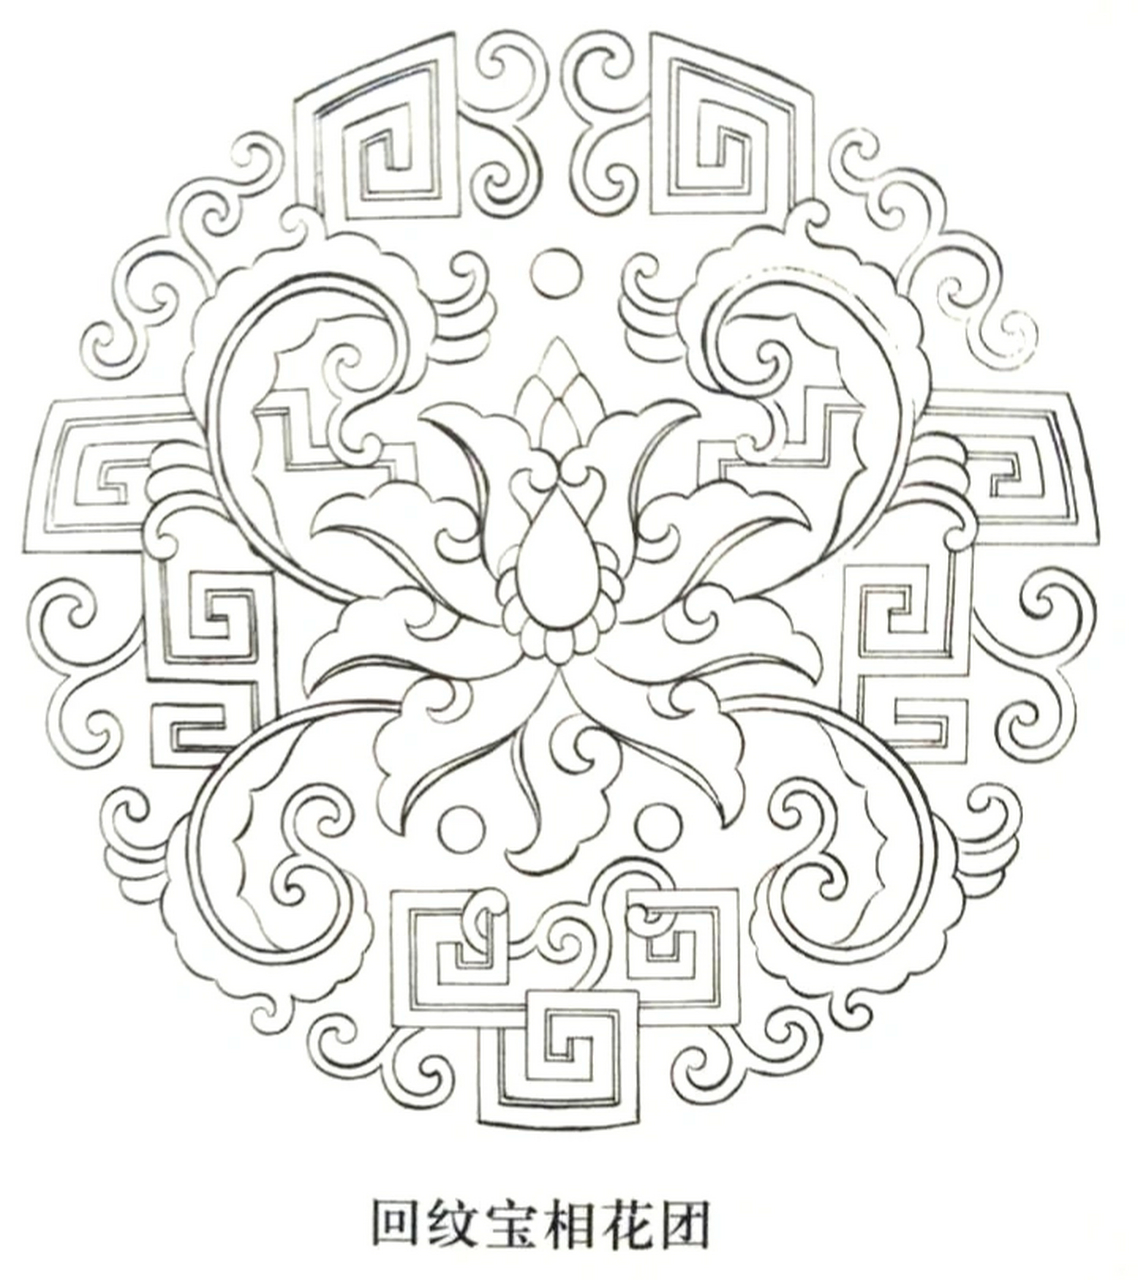 宝相花也是广泛流行于唐代纺织品上的重要装饰纹样.
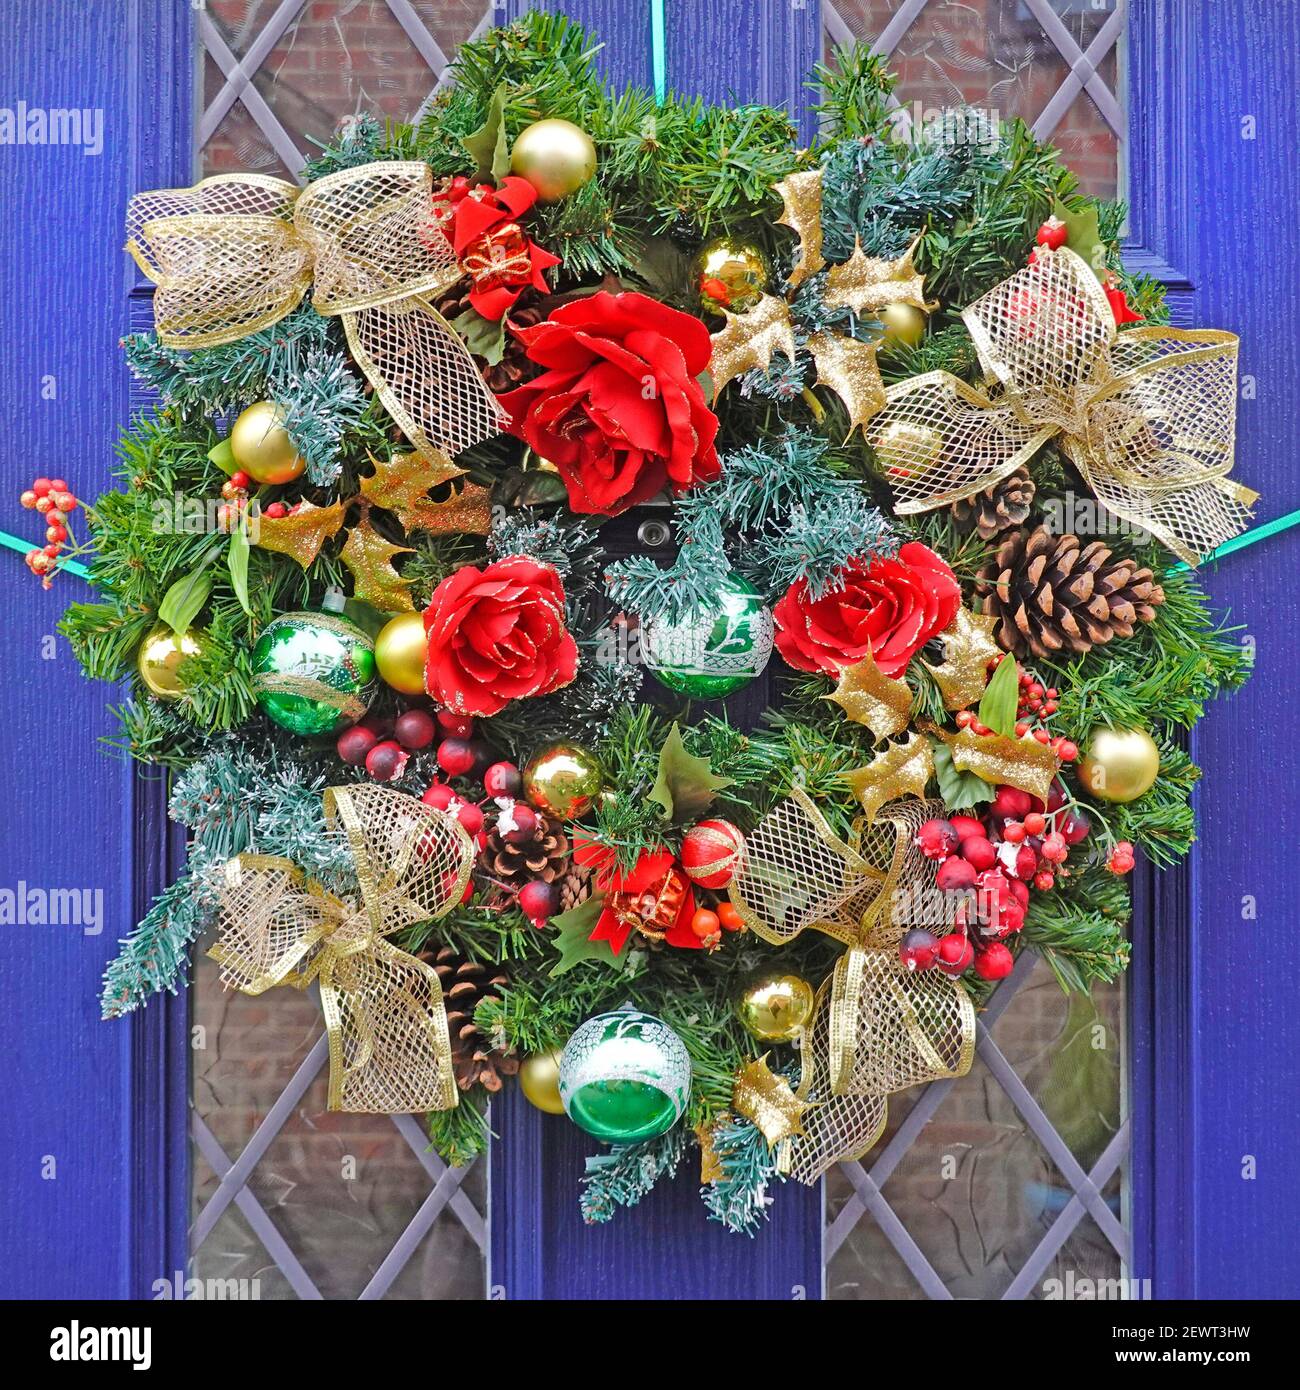 Gros plan de la porte avant de la maison bleue et de la couronne de Noël Avec des décorations de Noël y compris des boules de sapin cône ruban et Fleurs artificielles Angleterre Royaume-Uni Banque D'Images
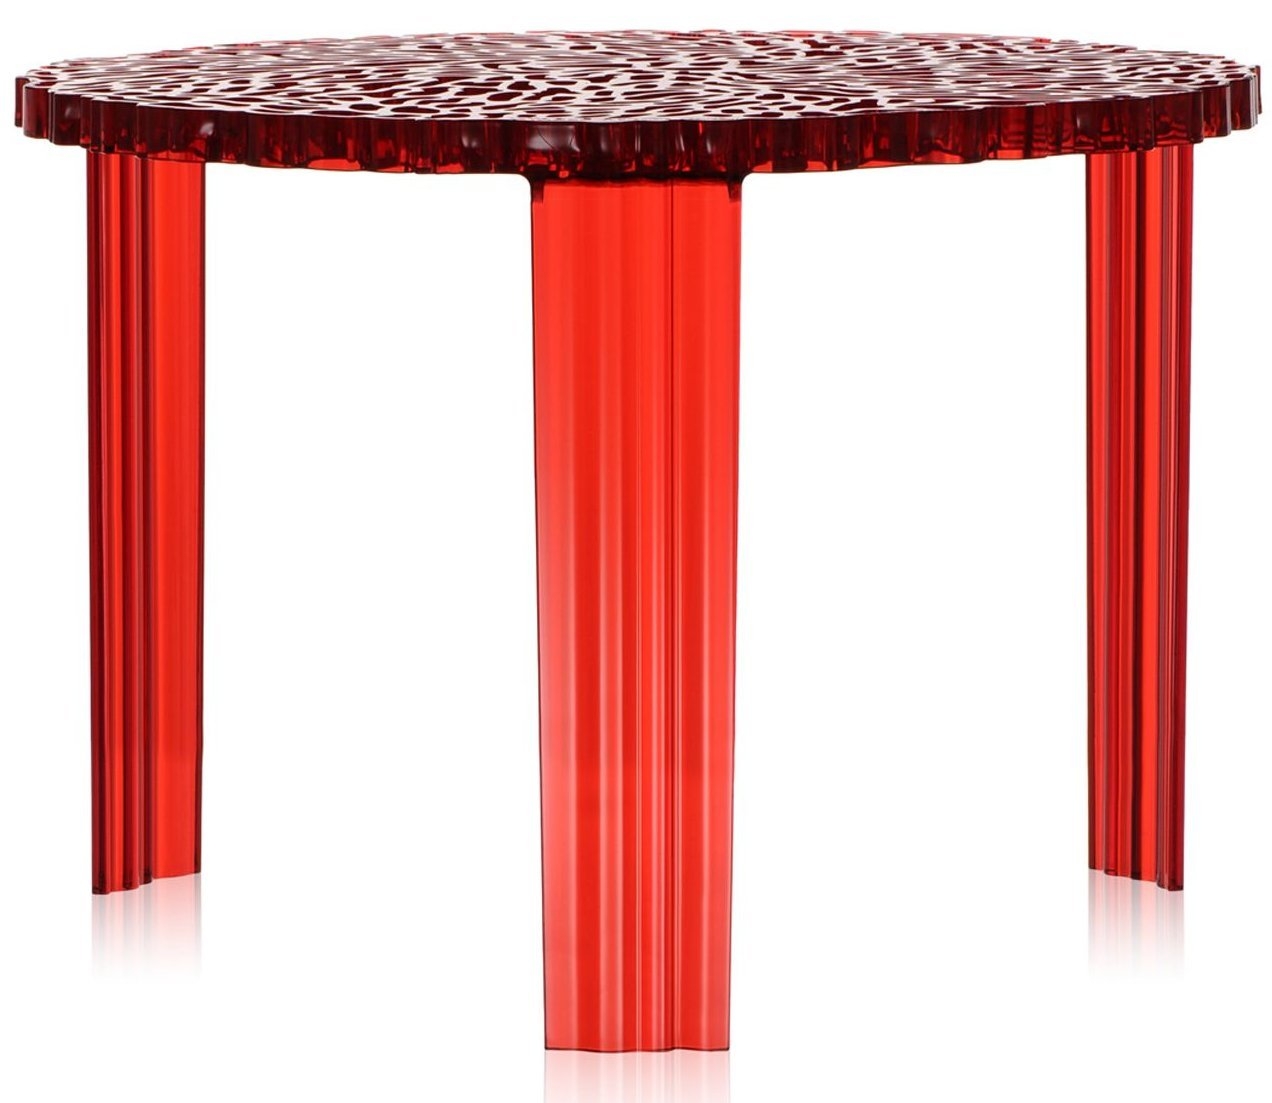 Masuta Kartell T-Table design Patricia Urquiola 50cm h 36cm rosu transparent Kartell
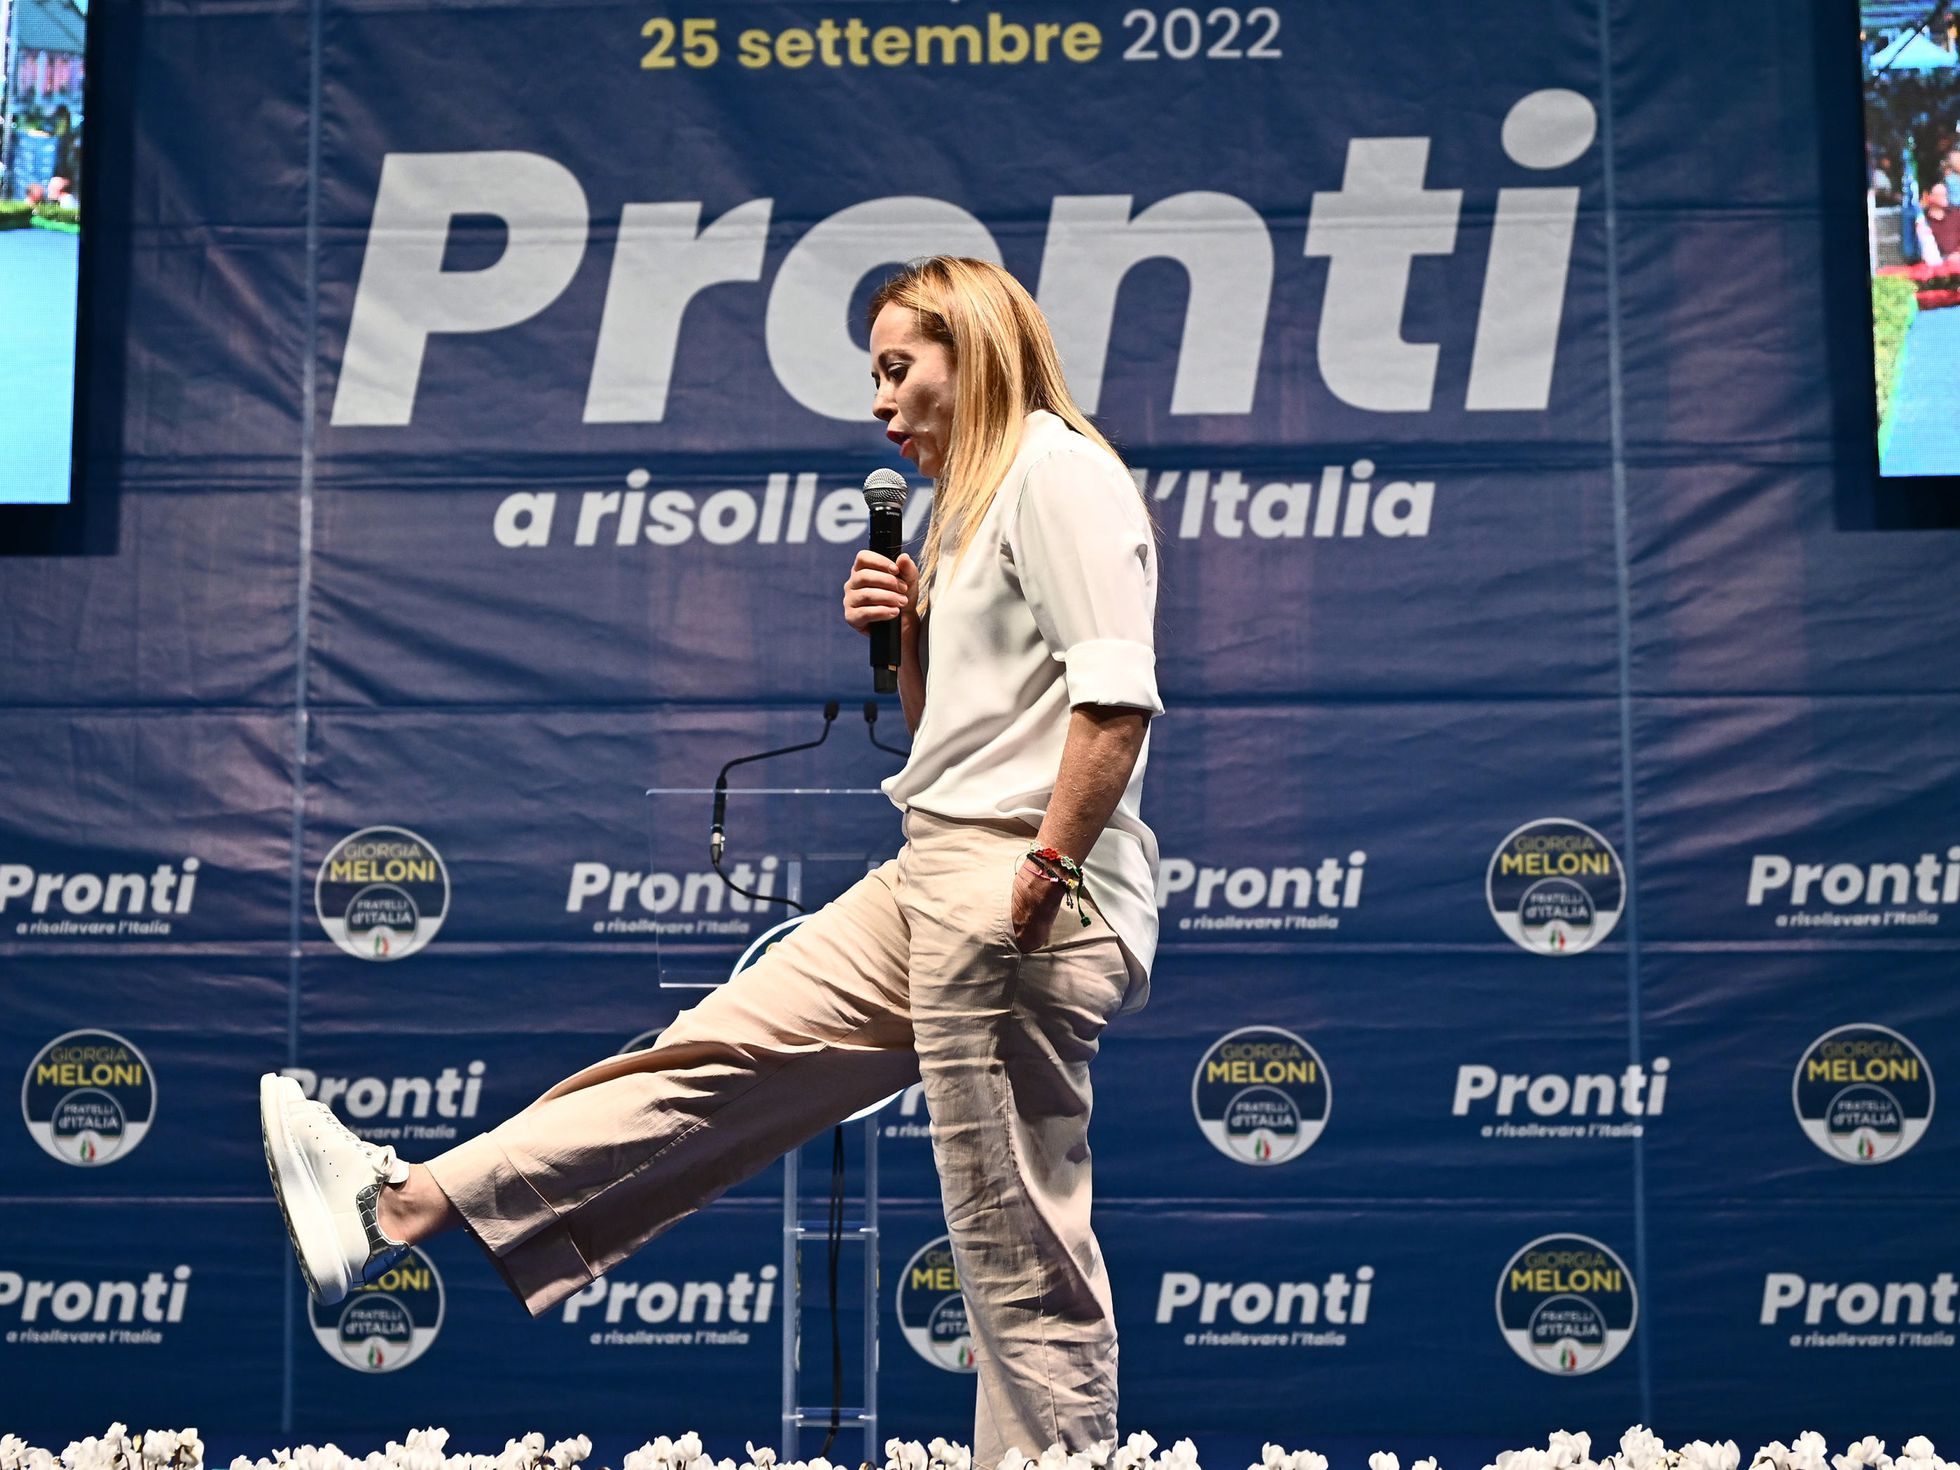 Ιταλία: Το κόμμα της Τζόρτζια Μελόνι έχει σχεδόν διπλάσιο ποσοστό από την κεντροαριστερά

________________________________________

Restate the data word for word, minus any images.

 宝相花也是广泛流行于唐代纺织品上的重要装饰纹样.
 Gros plan de la porte avant de la maison bleue et de la couronne de Noël Avec des décorations de Noël y compris des boules de sapin cône ruban et Fleurs artificielles Angleterre Royaume-Uni Banque D'Images
 Masuta Kartell T-Table design Patricia Urquiola 50cm h 36cm rosu transparent Kartell
 Ιταλία: Το κόμμα της Τζόρτζια Μελόνι έχει σχεδόν διπλάσιο ποσοστό από την κεντροαριστερά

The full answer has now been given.